Not exactly a view-spoiler, in other words.
But the selectboard has decided to oppose the project anyway. Because, well — just because.
It turns out that the board isn’t much concerned with the aesthetics of this project. Solar developer Green Lantern Group did what they were supposed to do. The company made a considerable, successful effort to site the project so it won’t affect neighbors or anyone driving the highway.
But the board is attacking the project anyway, as part of its anger at the way the state has in the past approved these projects.
Which makes the board’s position all the more mysterious.
With the recent passage of S.260 led by Addison County State Sen. Chris Bray, towns will have a much bigger voice in how solar and wind energy projects are placed and built within their borders.
Apparently that’s not enough for the selectboard, which wants to fight yesterday’s battles. And which should have an “interesting” time explaining the town’s unnecessary legal bills to property owners who complain about high property taxes.
Vermont has a goal of 90 percent renewable energy sources by 2050. As part of that commitment, the Public Service Board gave the New Haven project a certificate of public good.
For future projects of this kind, S.260 gives towns more say about where future solar farms will be located and built.
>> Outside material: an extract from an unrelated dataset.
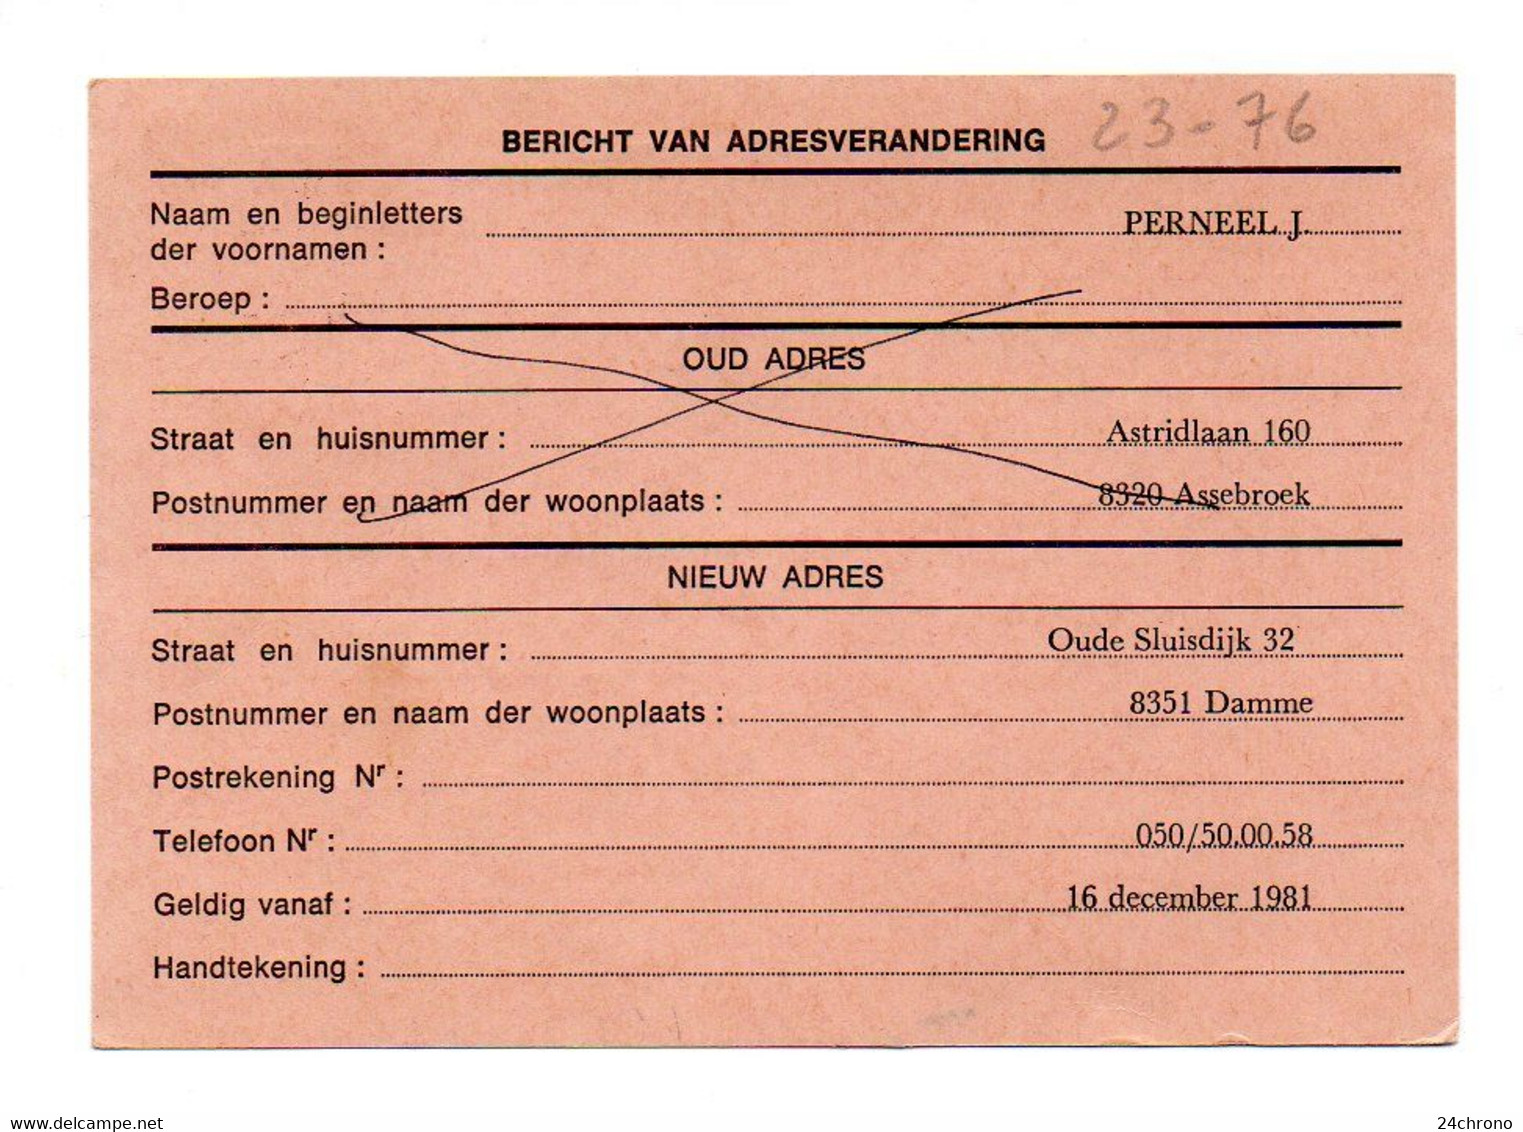 Belgique: Carte Postale, Bericht Van Adresverandering, Entier Postal De 6 F + Timbre 1 F, 1981 (23-76) - Adressenänderungen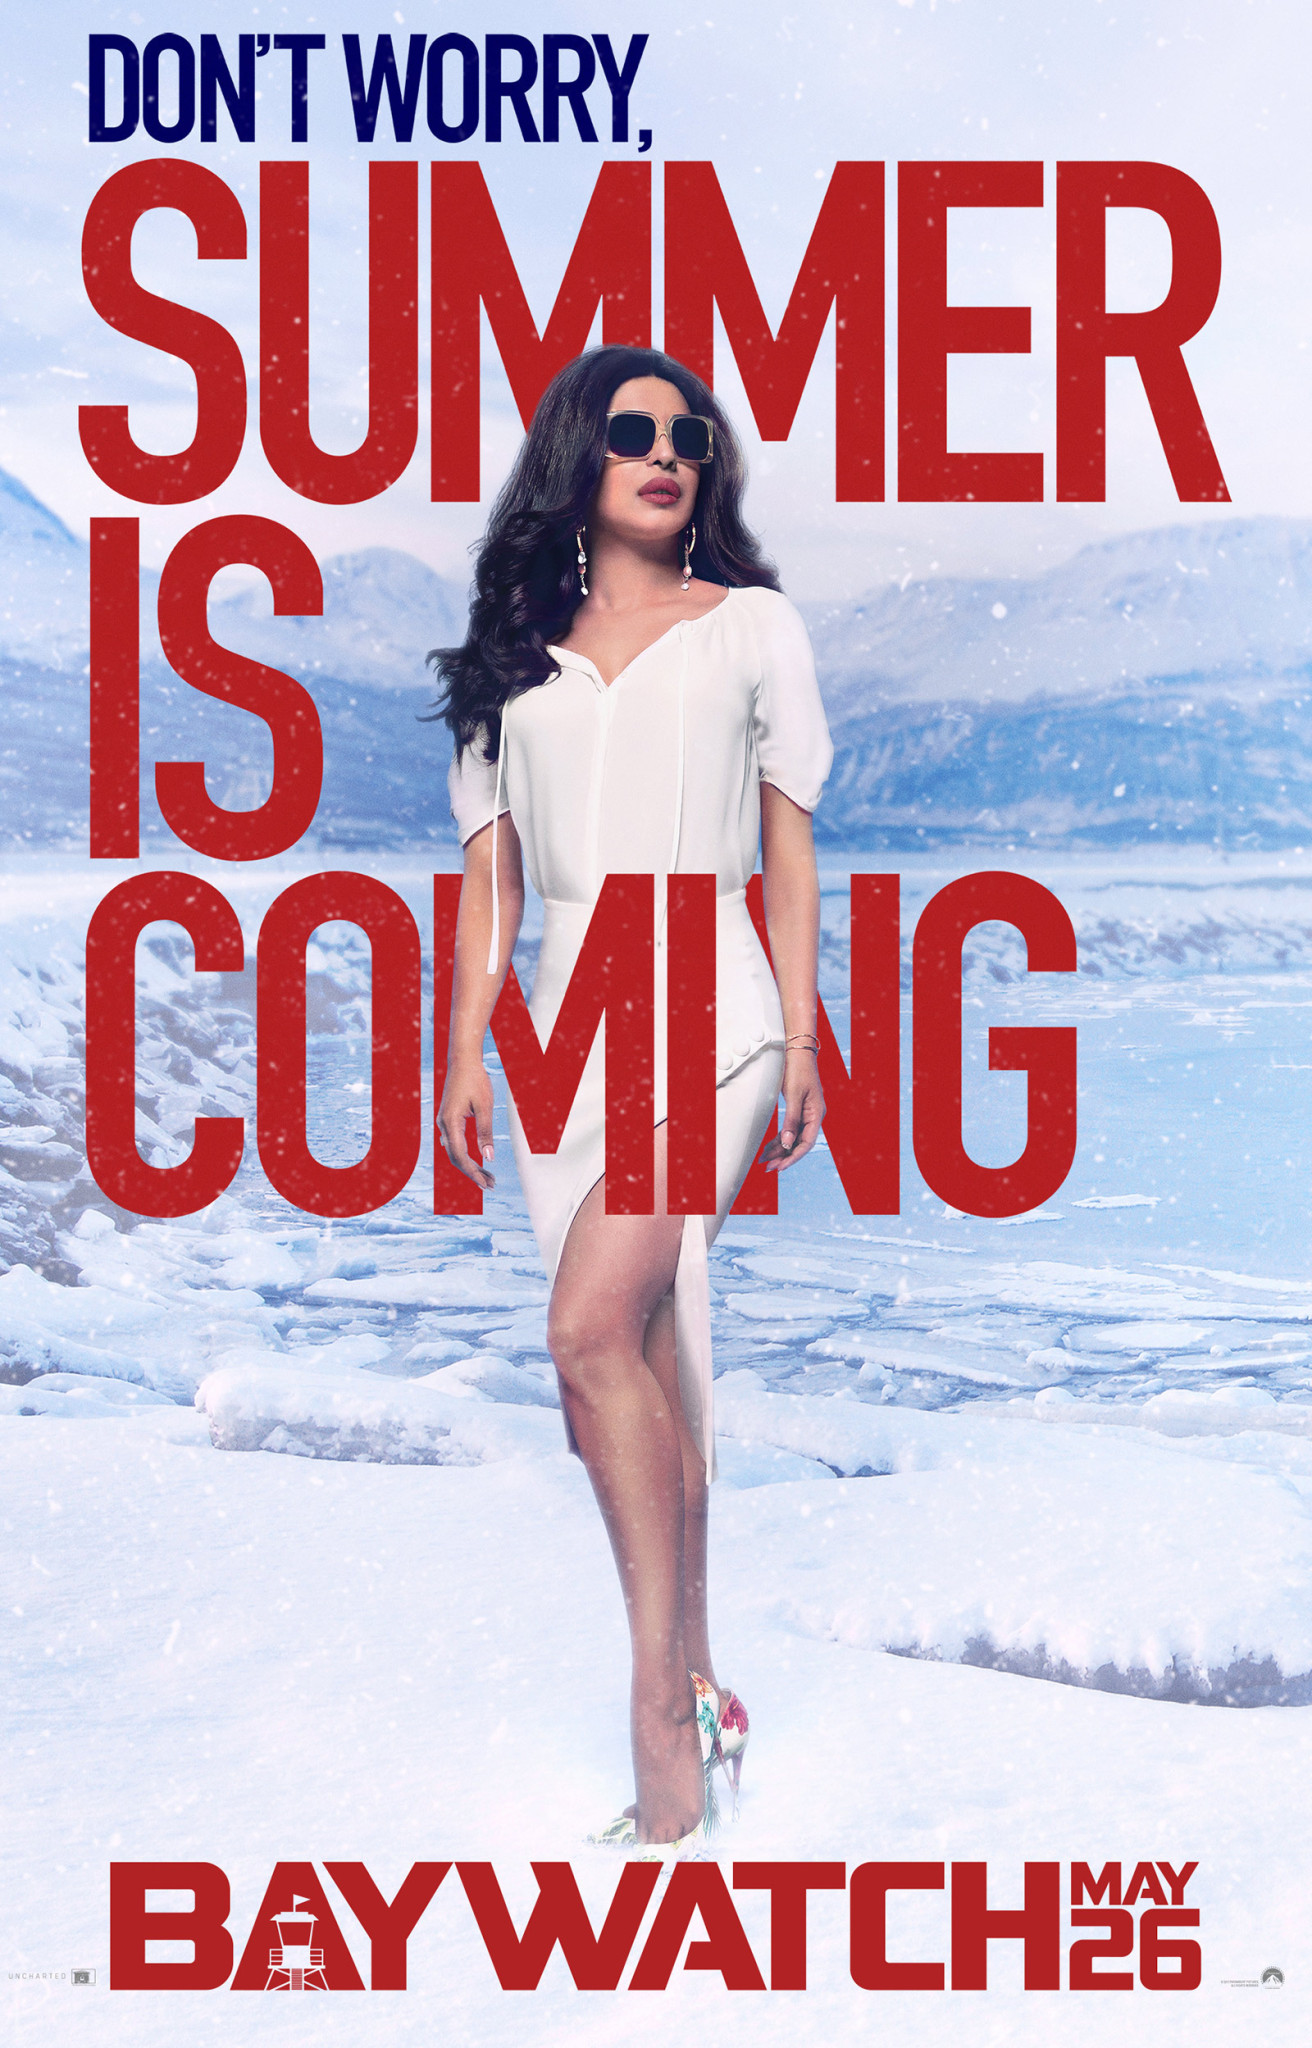 $!“El verano llega” con nuevos posters de Baywatch

But first, each town that wants a bigger voice must develop an energy plan that is consistent with the state’s long-term plans for renewable energy development.
Developing such a plan seems like a lot better use of New Haven’s public money than pursuing a fruitless lawsuit.
Looking at the larger picture, one irony about opposition to green-energy projects in Vermont is this: Many of the objections come from the same people who complain that the state doesn’t adequately emphasize economic development, people who are pushing for a more business-friendly atmosphere in this state.
If Vermont had a clean, green industry that is growing, providing jobs and incomes so folks could continue to live here, you’d think that industry would get plenty of public support, wouldn’t you?
According to the latest state analysis, clean energy now provides one of every 17 jobs in Vermont — from solar and wind to energy efficiency jobs.
So when towns oppose solar and wind energy, it’s good to remember that there’s a substantial economic cost — not just in taxpayer dollars, but in jobs and income to our young families, too.
S.260 provides a substantial measure of Vermont-style local control for towns. And it also keeps Vermont on track to produce more of its own green energy. Instead of relying on fossil fuels from faraway, unfriendly places like the Middle East.
The opposition to solar energy projects — especially ones that have no aesthetic impacts — reminds me of a petulant young boy who got the ice cream cone he wanted, but who won’t enjoy the ice cream because he doesn’t like the way his mother handed it to him.
If our public officials are going to behave that way in the future, it won’t be just a figurative ice cream cone that’s melting. It will be the entire planet.